The relative benefits of FTK Imager and Guymager were tested in imaging various media. FTK Imager proved to be faster at acquiring images of large storage media such as hard drives, by a matter of hours. Imaging 165 GB of data on a 1 TB external hard-drive with FTK Imager took 12 hours and 39 minutes for a forensic image and 10 hours and 39 minutes for a logical image. Acquiring a forensic disk image of the same drive with Guymager took 14 hours and 29 minutes. When the same test was repeated with 70 MB of data on a 2 GB flash drive, Guymager acquired a forensic disk image 14 seconds faster (1:42) than FTK Imager (1:56), which took the same amount of time to image the drive forensically and logically.

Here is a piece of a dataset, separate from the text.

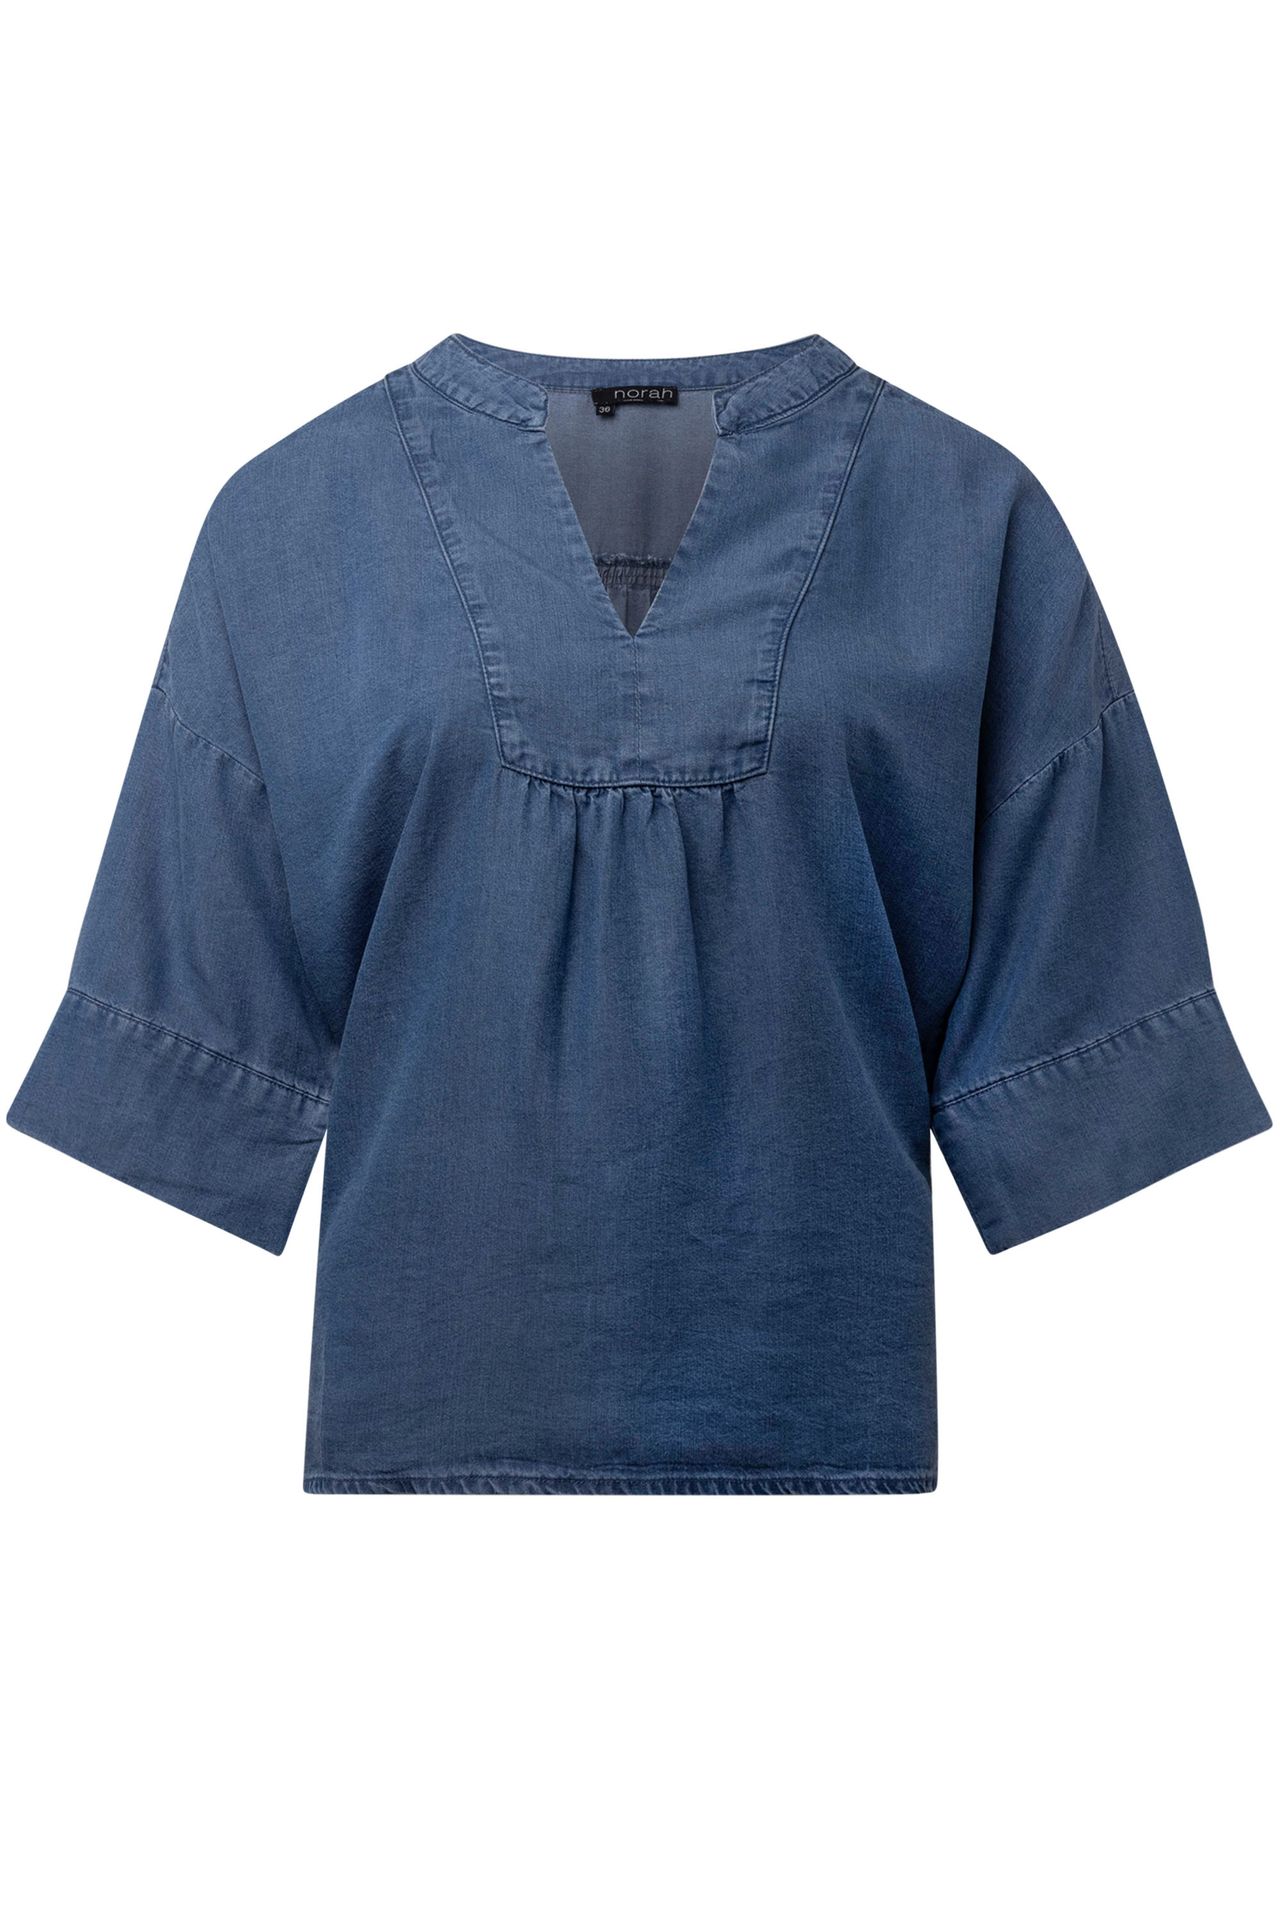 Norah Denim blouse jeans/blue 214592-471

Due to our anticipated imaging needs, the time difference involved in imaging large storage volumes was of more interest than the impact of scaling up imaging of multiple small storage volumes. For these reasons, we recommend creating forensic and logical disk images through FTK Imager rather than Guymager.

Disk Image Analysis

When making decisions about FRED, it was important to remember its context in a larger, in-development workflow. We know that FTK and BitCurator is part of that workflow, along with ArchivesSpace, Fedora 4, and Solr, other technologies currently employed by UMD Libraries. How this workflow is implemented affects what reporting tools are necessary and how the results are used.

While BitCurator came “boxed with” a large array of tools for forensic analysis, we were primarily interested in extracting directory structures and identifying personally identifiable information (PII). This was accomplished using Fiwalk, a tool for mapping the file directory of a disk image in DFXML (digital forensics XML); the Bulk Extractor GUI tool (or bulk_extractor.py script); and Annotated Features Reports, which triangulated the outputs of Bulk Extractor and Fiwalk to identify specific files containing privacy-sensitive information. Bulk Extractor scanned files for identifying information like social security numbers or email addresses. [14]

Both FTK and BitCurator supplied a directory of the files that were copied in the disk image. BitCurator used Fiwalk to create an XML file that included the filename, path, checksum in MD5 and SHA1. FTK created a CSV file that included the file name, path, size, and dates of creation, modification, and access. Although there were redundancies in keeping both directory listings, there were also advantages to having this information in more than one format. The CSV file was more easily read by people and could serve as a manifest for archivists, while the XML file created by Fiwalk provided more metadata when imported to ArchivesSpace. We recommend including both the CSV and XML files in the reports associated with a disk image.

Bulk Extractor’s graphic interface arrived pre-loaded with filters for detecting social security numbers, email addresses, and phone numbers, among other types of sensitive information. Depending on the type of record, and based on conversations with donors, archivists may choose to create custom filters that screen for and capture sensitive information in other formats. Searching for specific names or URLs may also help determine what is appropriate to preserve and make accessible.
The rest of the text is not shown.